Hello from our snowy farm in Limington.

We wish everyone a happy new year, hopefully this is the year that all of our resolutions stick and we become a horde of super heroes sprinting toward the sunrise. Here here.

We talk about the weather and we think about the moon. Both of these things affect our soil so they are fantastically important.

There is a hole in the top of our hoophouse that we haven’t fixed, but not for lack of trying. It is about the size of a checkerboard. Our friend Spike Dude climbed up there on a ladder and fell about 10 feet onto his back in the pac choi, then climbed up again and put a patch on it. I do not have much faith in the patch. Do you have any ideas?

Our goat Mooner is still giving about a half-gallon of milk a day – I suspect she just likes the one on one time with the grain bag that all milking mamas are awarded for their contribution to our good health. Their little log cabin is quite handsome in the snow. Contrary to popular belief the goats do not eat Christmas trees – but I am not going to remove the tree from their area, it’s theirs now, they can deal with it.

I bought two Volvos that do not run. One of them I bought in Rhode Island and drove 70mph on the highway to get home. My father is a mechanic and he said the car isn’t even safe enough to drive to Jongerdon’s.

I can’t call it Sleeper’s and I can’t stop buying the wrong Volvos.

We haven’t ordered seeds yet but we do own a fine collection of catalogues. They are like baby albums for plants. Oh how cute!

Alaena said there should be something in the newsletter about pizza so I will oblige and say that so far this year we have eaten zero pizzas. None. We did, however, make sausage using a grinder auger deal that Dylan and Alaena bought. The sausages were spicy and delicious.

Our winter CSA is humming along. With help from the Earle Family Farm, The Hancock Family Farm, Pork Hill Farm, Burnt Meadow Nursery and Hosac Farm we’ve been getting the food to the people. We call our operation the Foothill Farm Alliance. I always enjoy the drive from Limington to Conway on 113 – that is where we meet to divide the shares.

You know that drive? With the dark blue mountains and all the lakes? That is a great drive for coffee and mellow tunes.

Steve Colby (a relative of Spike’s) cleared some land for us basically doubling the size of our farm. He was out there in this great big excavator, plucking boulders the size of Cadillacs and spin-whipping them into a pile. Must feel strange to move and see the sun after all those years spent in the mud. Steve Colby is a great excavator.

Dylan and my great grandfather apparently loved books because our old house is filled with them. I love books too, as things to read but also just as things. Recently I found a tiny leather-bound copy of Edgar Allan Poe’s “The Gold Bug”. It was exciting to find, a real artifact. This has nothing to do with farming but everything to do with “The Gold Bug”.

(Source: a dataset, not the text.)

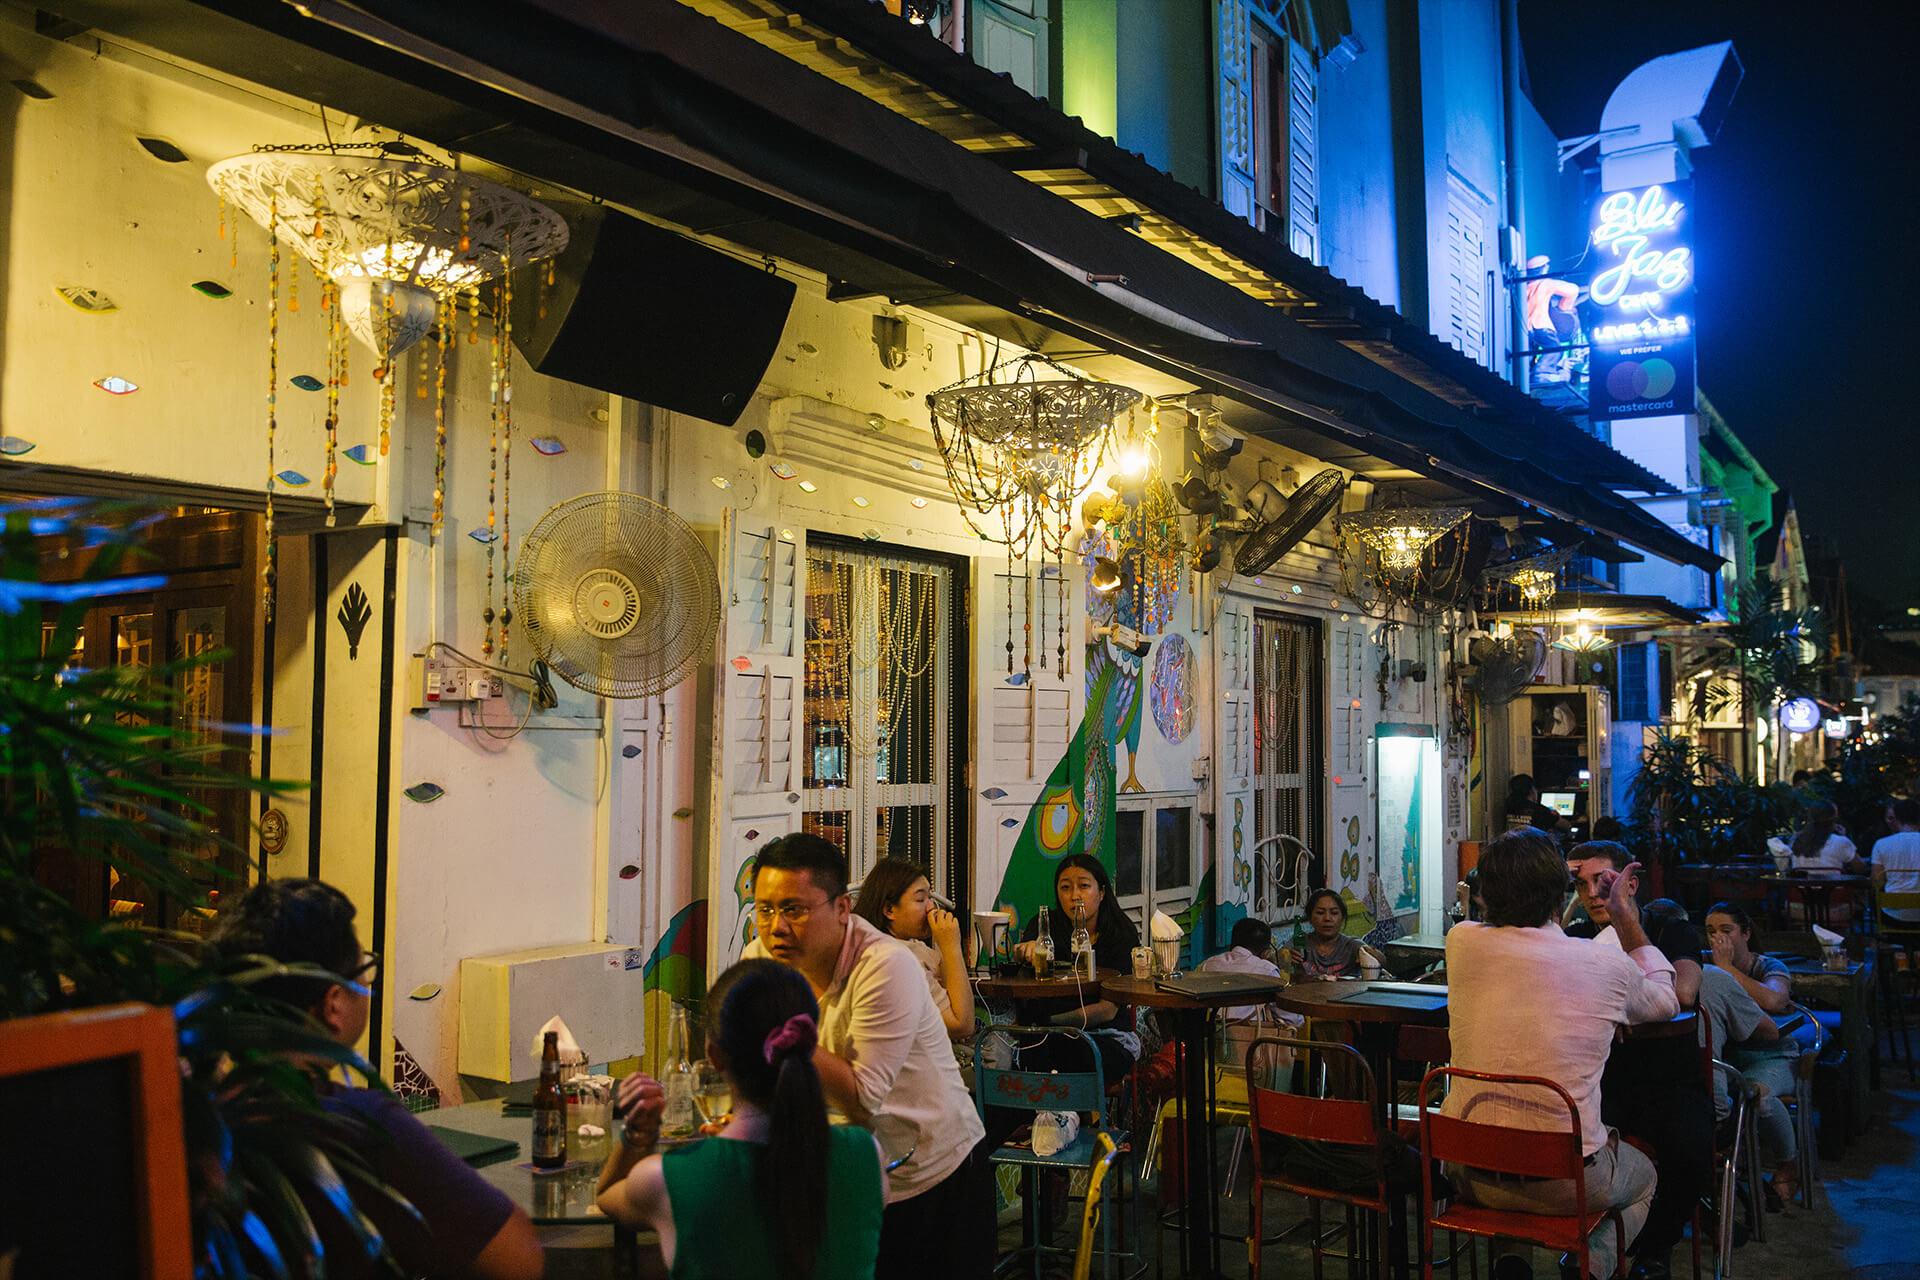 每日下午開始已有客人在Blu Jaz的戶外區域飲酒聊天。
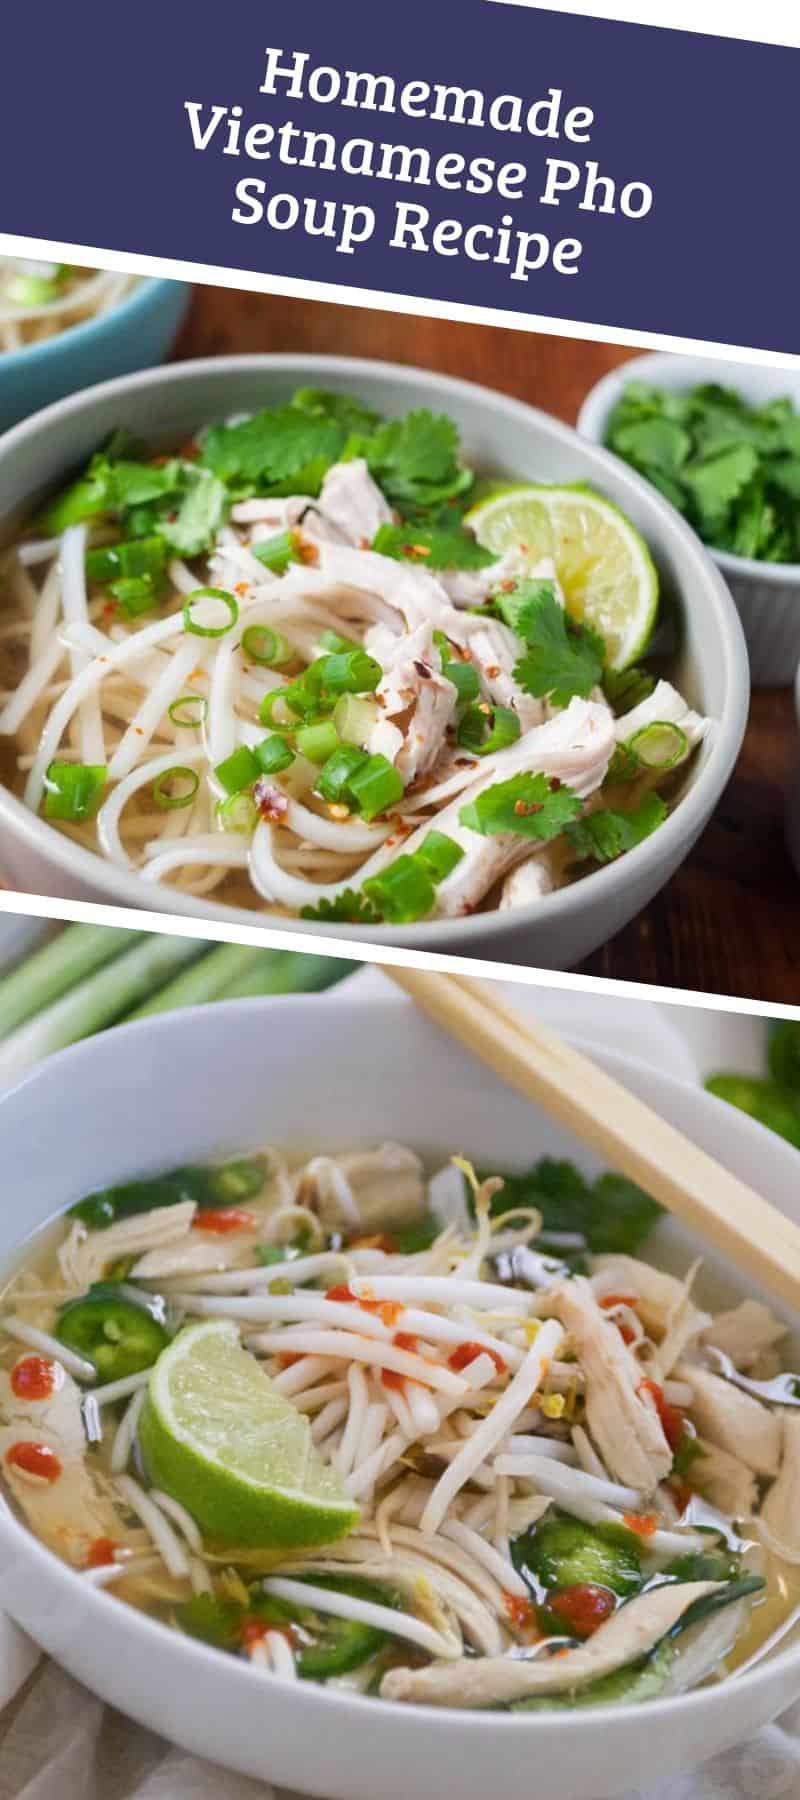 Homemade Vietnamese Pho Soup Recipe

We would love some feedback on vegetable varieties – are there things you used to eat that you cant find anymore that you would love to eat again? Tell us so we can grow new things. Share your knowledge with us – it’s selfish of you to keep your secret vegetable varieties from us.

I think that very well covers it. Bring on the snow, bring on the cold, bring on the tabletop games. Bring on the good beer, bring on the celeriac, bring on the best sleep of the year.

Peace and love and peace.

~Stowe (Marina, Dylan, and Alaena)

Stowe harvesting bok choy from the high tunnel.
Dyl and his freshly linked sausage.
Setting up for the winter share pick-up at Earle Family Farm.